In this aforementioned R code, first I read the csv data file then used the 'pairs' method to choose desired columns 2 to 4 from the dataset which are numerical attributes- numFaculty, numStaff, and numStudents respectively. In this scatter plot matrix representation, I used "pch = 24" to represent plot points in diamond shape because it is easy to differentiate between two overlapping points. Aditionally, to make is visually discrete I used red color for it's color parameter. For this scatterplot, 'title' method have been used to give it a title named as 'Scatterplot Matrix (SPLOM) of University Data' and to make it in the right position 'line' method have been used as value 3.

Bar Chart in R:

alt text

After plotting the scatter plot, I wanted to know the list of universities with the lower count of faculties through bar chart visualization in R. Hence, I refined the same data again where I kept data only with equal to and less than 1000 number of faculties.

Description:

This bar chart represents the number of faculties vs. US universities through x and y-axis respectively. There are total 47 universities (rows) in this data file named 'vi6barchart.csv'.
Through this bar chart, data is very easy to interpret in terms of minimum and maximum number of faculty count in each university because horizontal bar chart helps us to compare the faculty counts between each university.

Insights:

Universities with the most number of faculties.

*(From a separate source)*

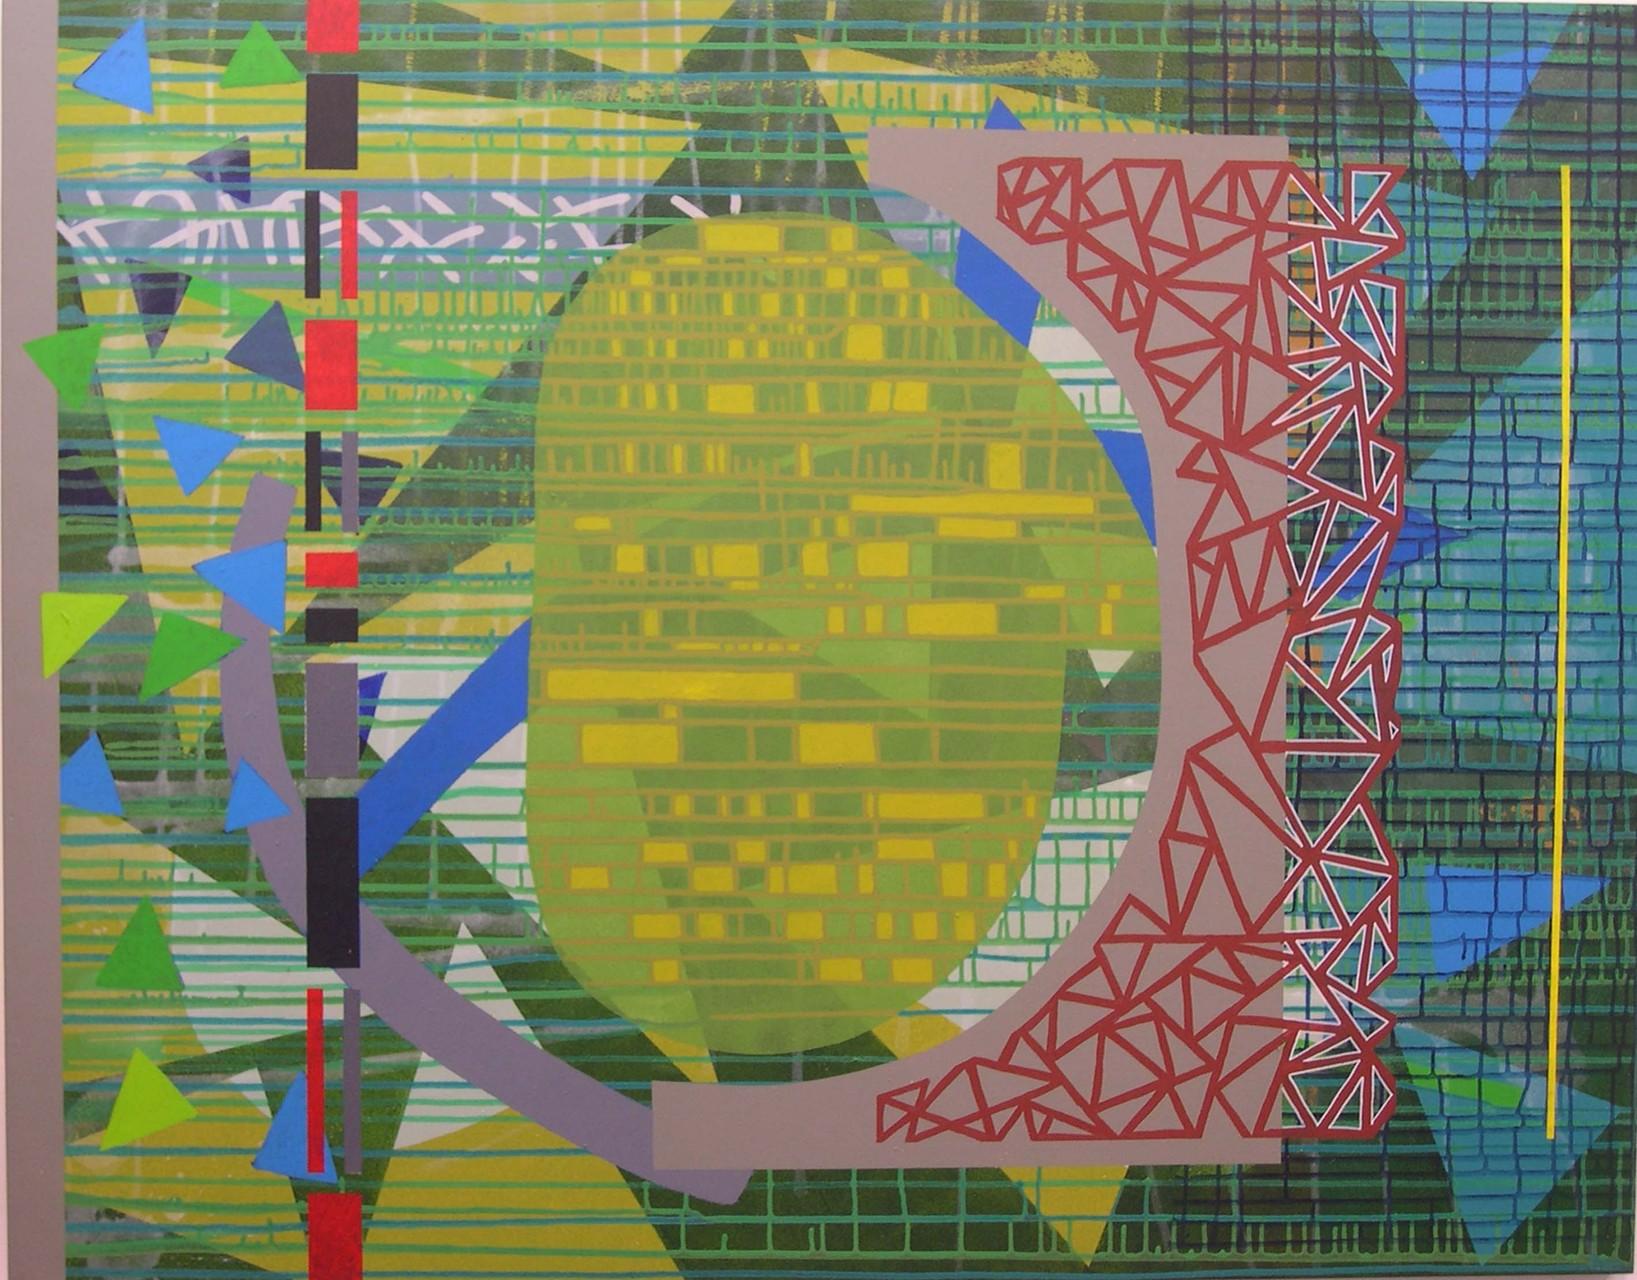 PASOS CONTADOS. Acrílico sobre madera. 114x146. 2004
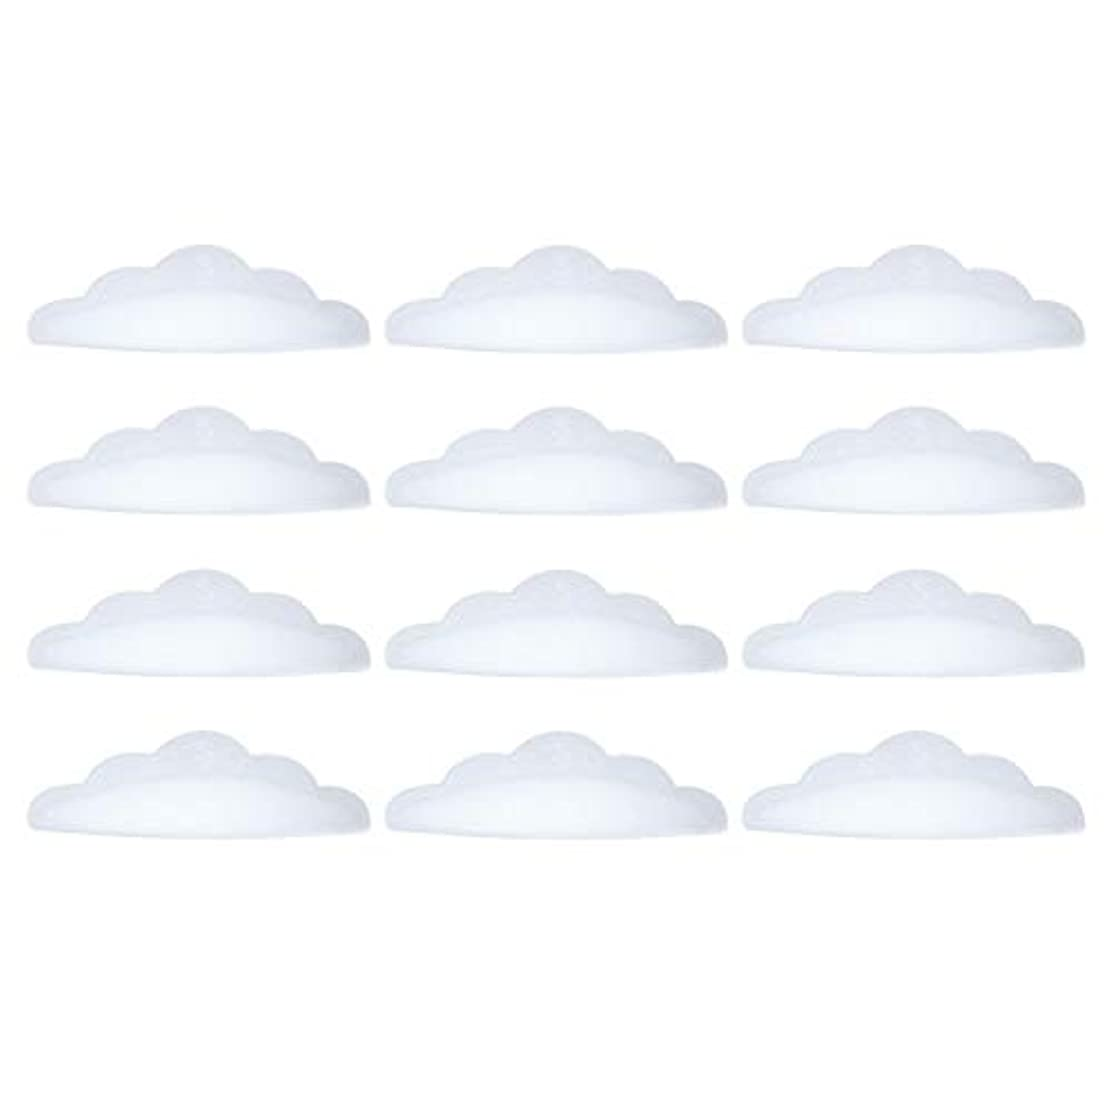 影顕著有効化Migavan 9ペア シリコーンまつげパッド まつげパーマパッド防水シリコーンまつげパーマカーラーシールドパッドアイラッシュリフトホルダー

  • Eastern Michigan University and University of Nevada, Las Vegas are at the top position with exact 1000 faculties.
  • The secound largetst universities with faculty counts are St. Cloud State University followed by Utah State University and California State University which have around 900 faculties.
Universities with the least number of faculties.
  • Capitol College is a school which has the lowest number of faculty count (only 12 faculties) followed by Maharishi University of Management and George W. Woodruff School of Mechanical Engineering which have around 100 faculties.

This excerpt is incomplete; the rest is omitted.